■ ACTION ITEM ■
Copy nothing but the lines running from the one containing "2664x2670 Kitchen Things" through the end of the listing below. Drop the pictures.

■ DATA SHOWN ■

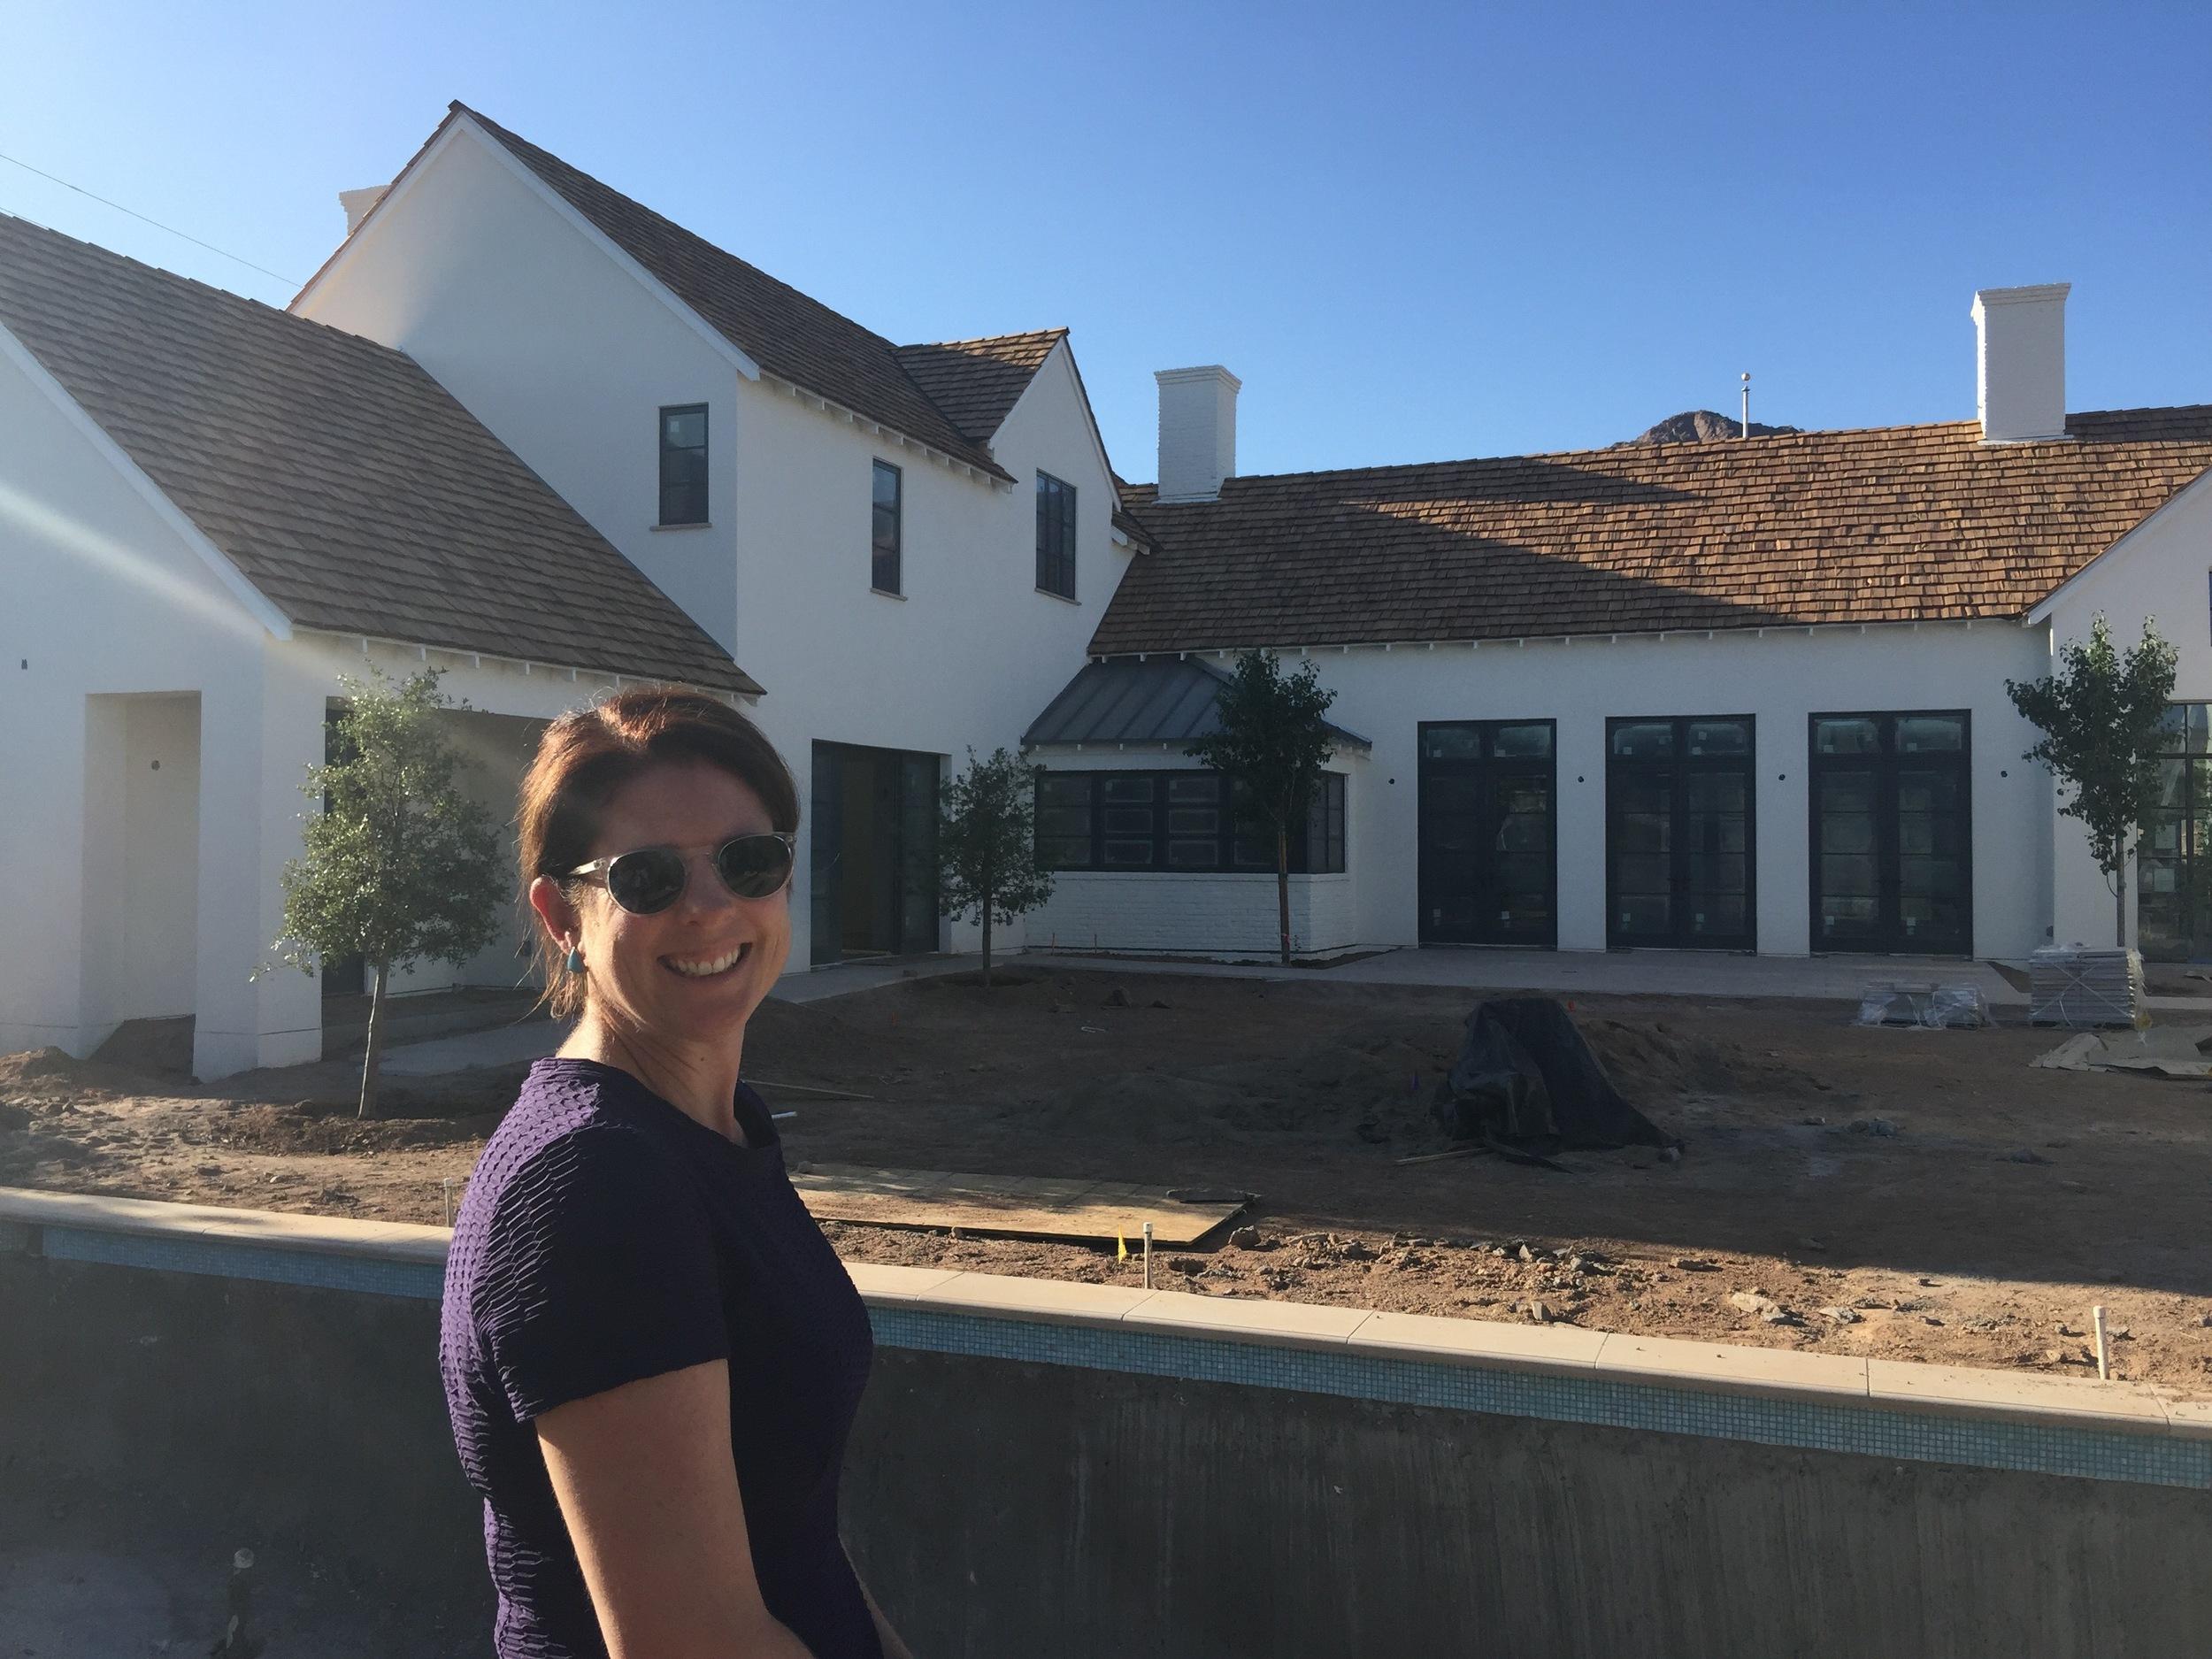 Candelaria Design Architect, Meredith Thomson at her Modern Farmhouse creation in Arcadia.
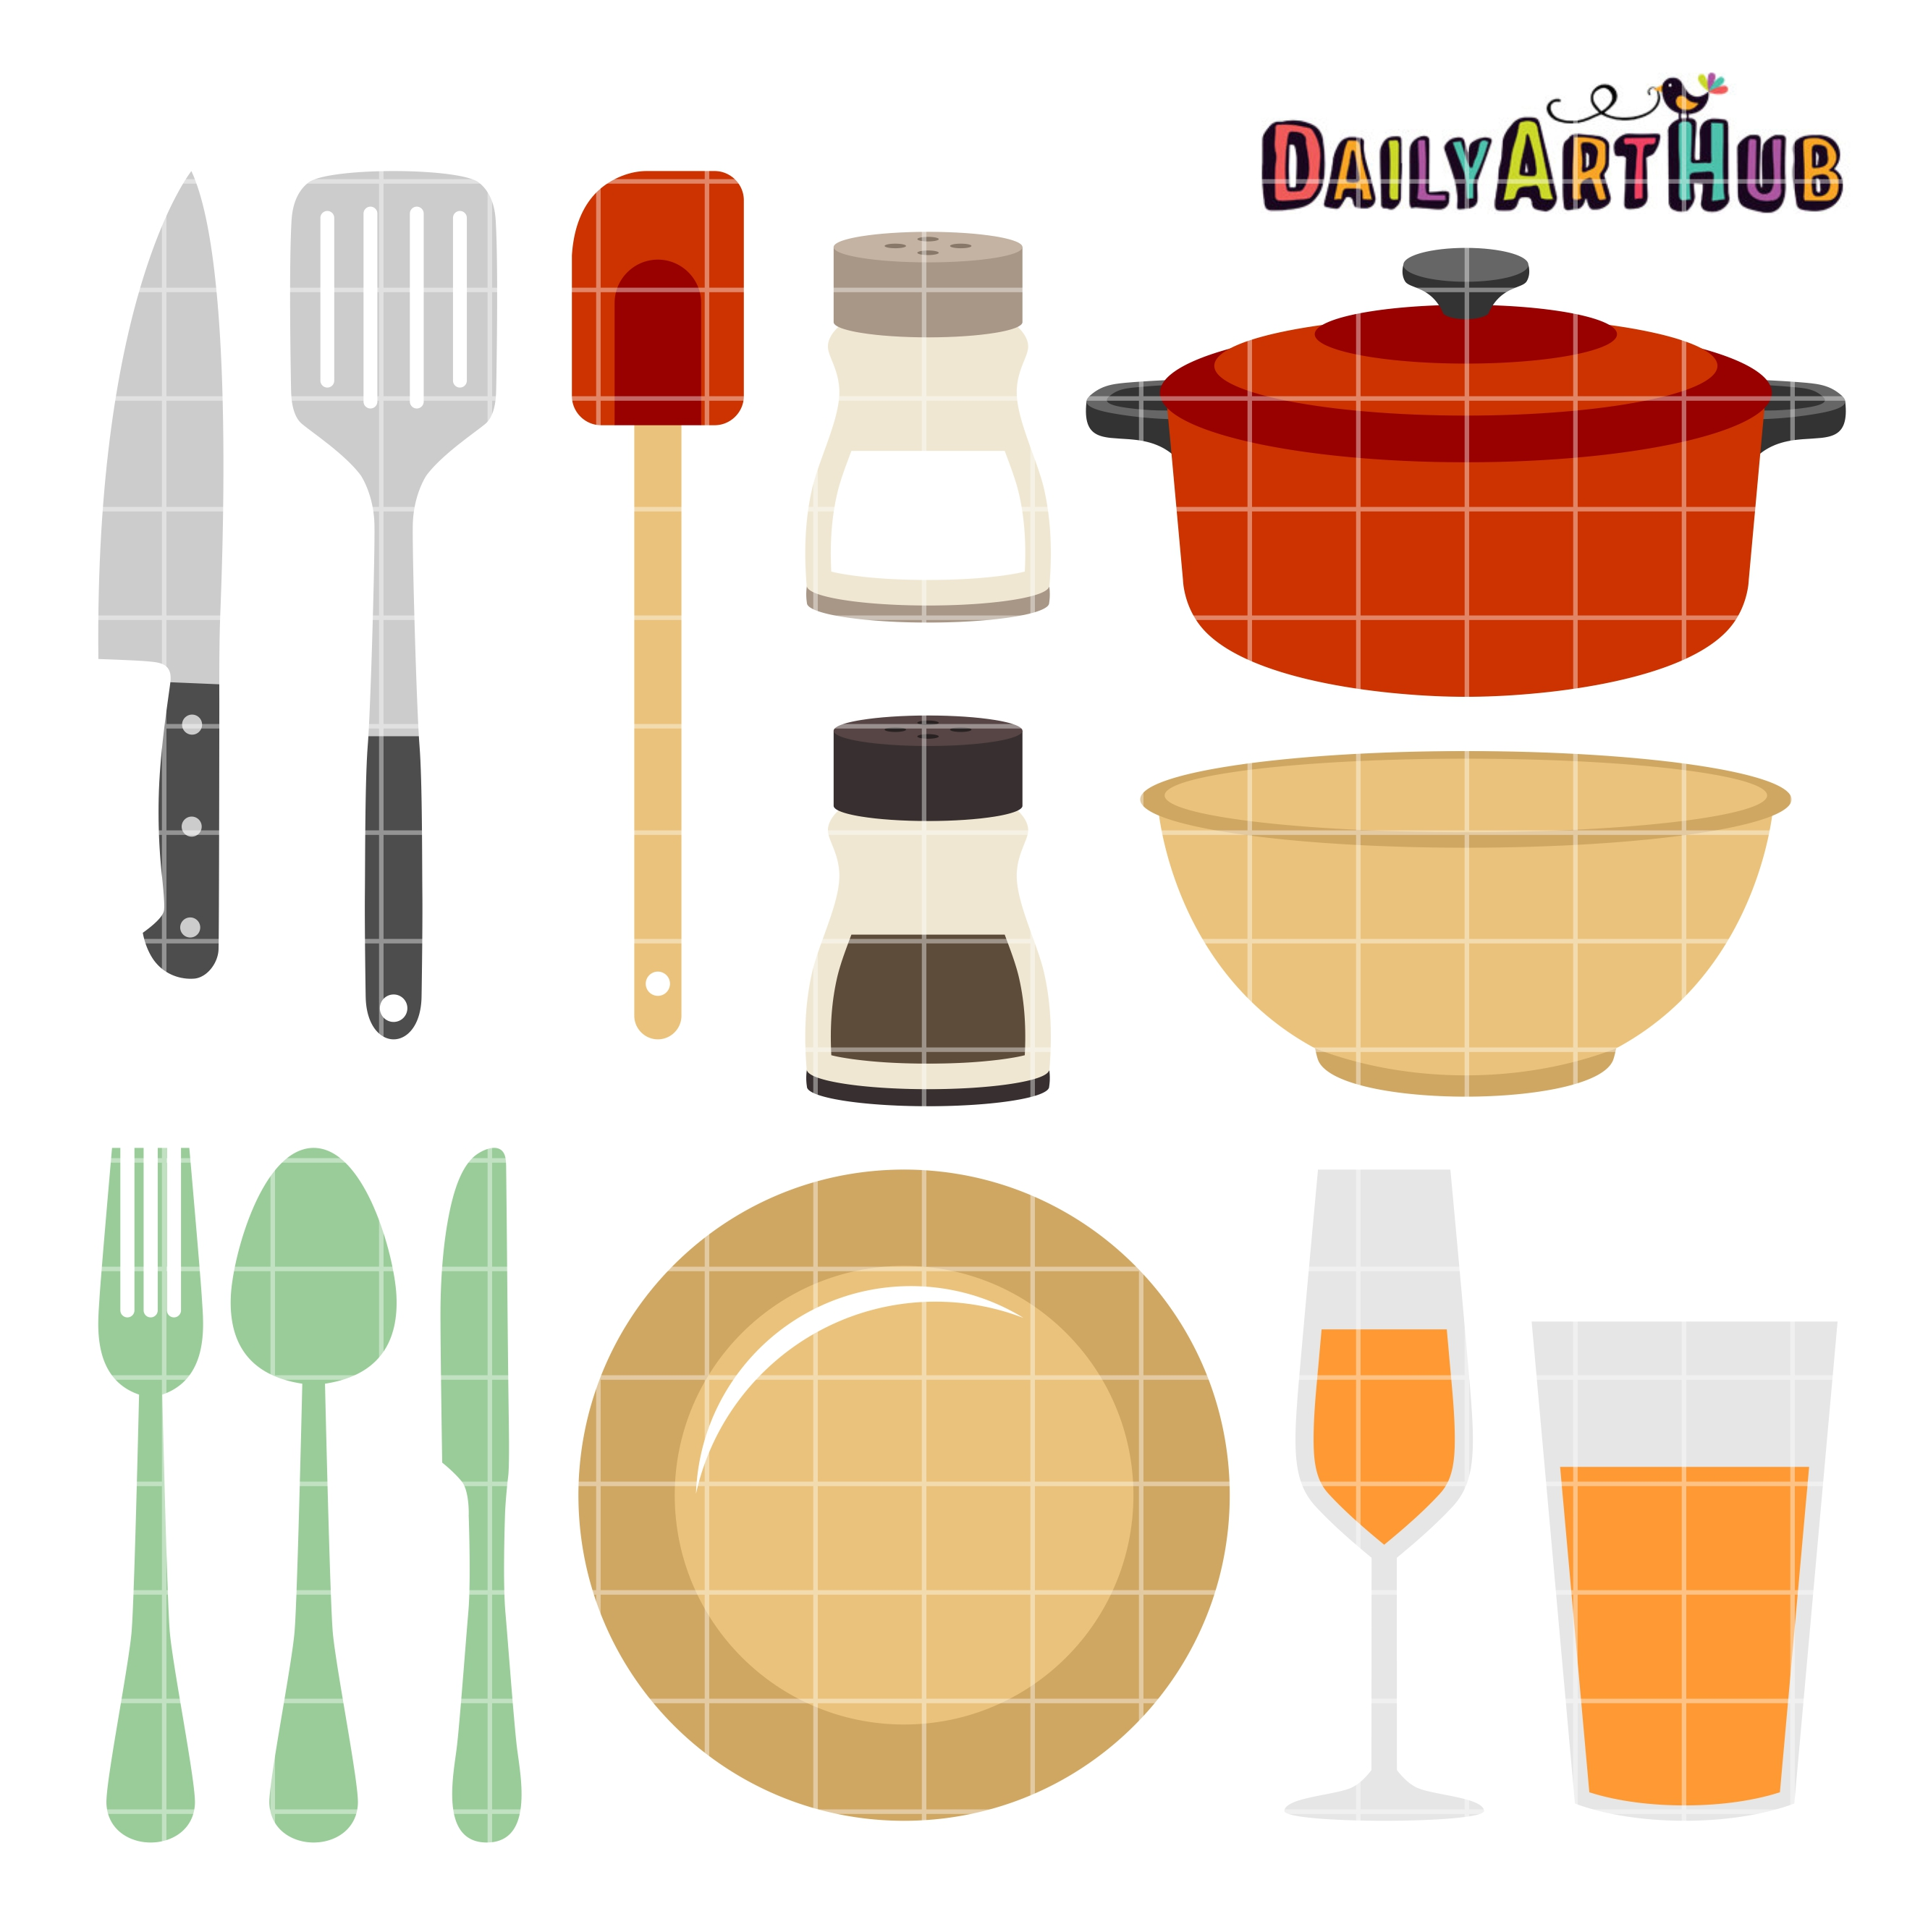 2664x2670 Kitchen Things Clip Art Set Daily Art Hub Free Clip Art Everyday
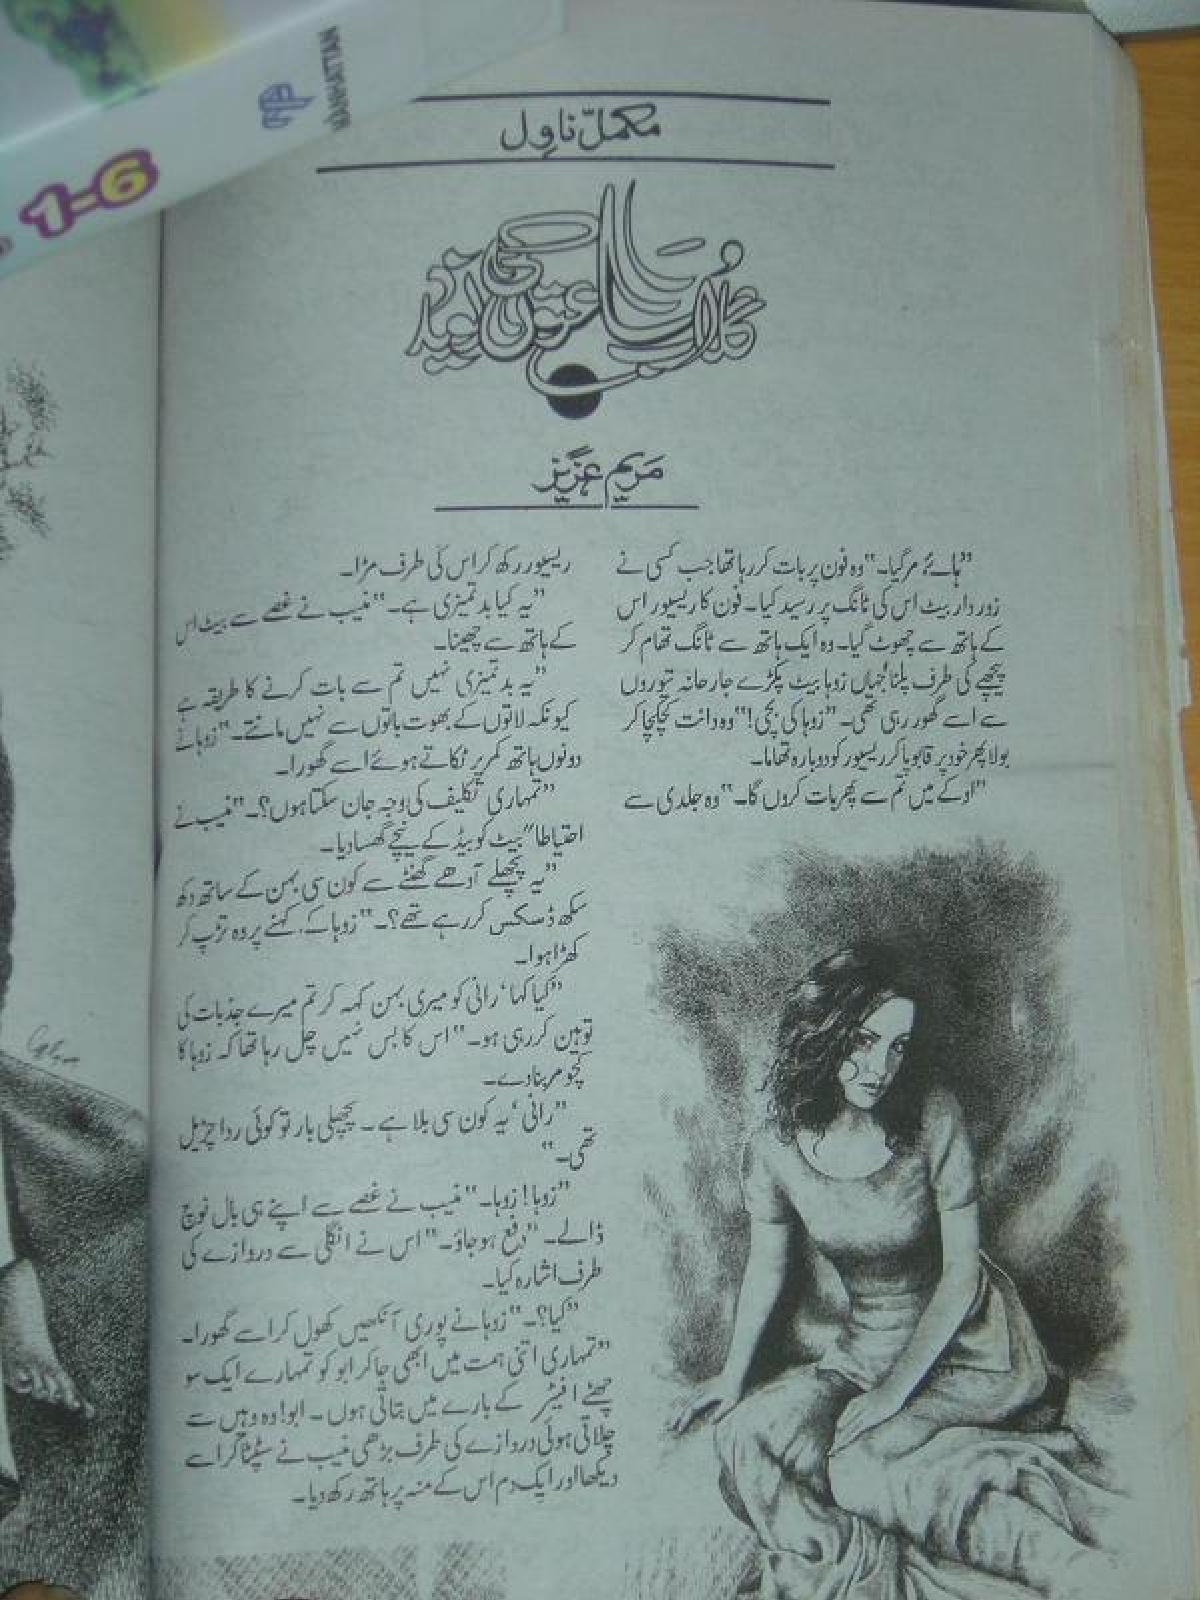 Shahvati irani relate posts dastanhaye shahvati farsi at askives film

■ ANSWER SPACE ■
 2664x2670 Kitchen Things Clip Art Set Daily Art Hub Free Clip Art Everyday
 Shahvati irani relate posts dastanhaye shahvati farsi at askives film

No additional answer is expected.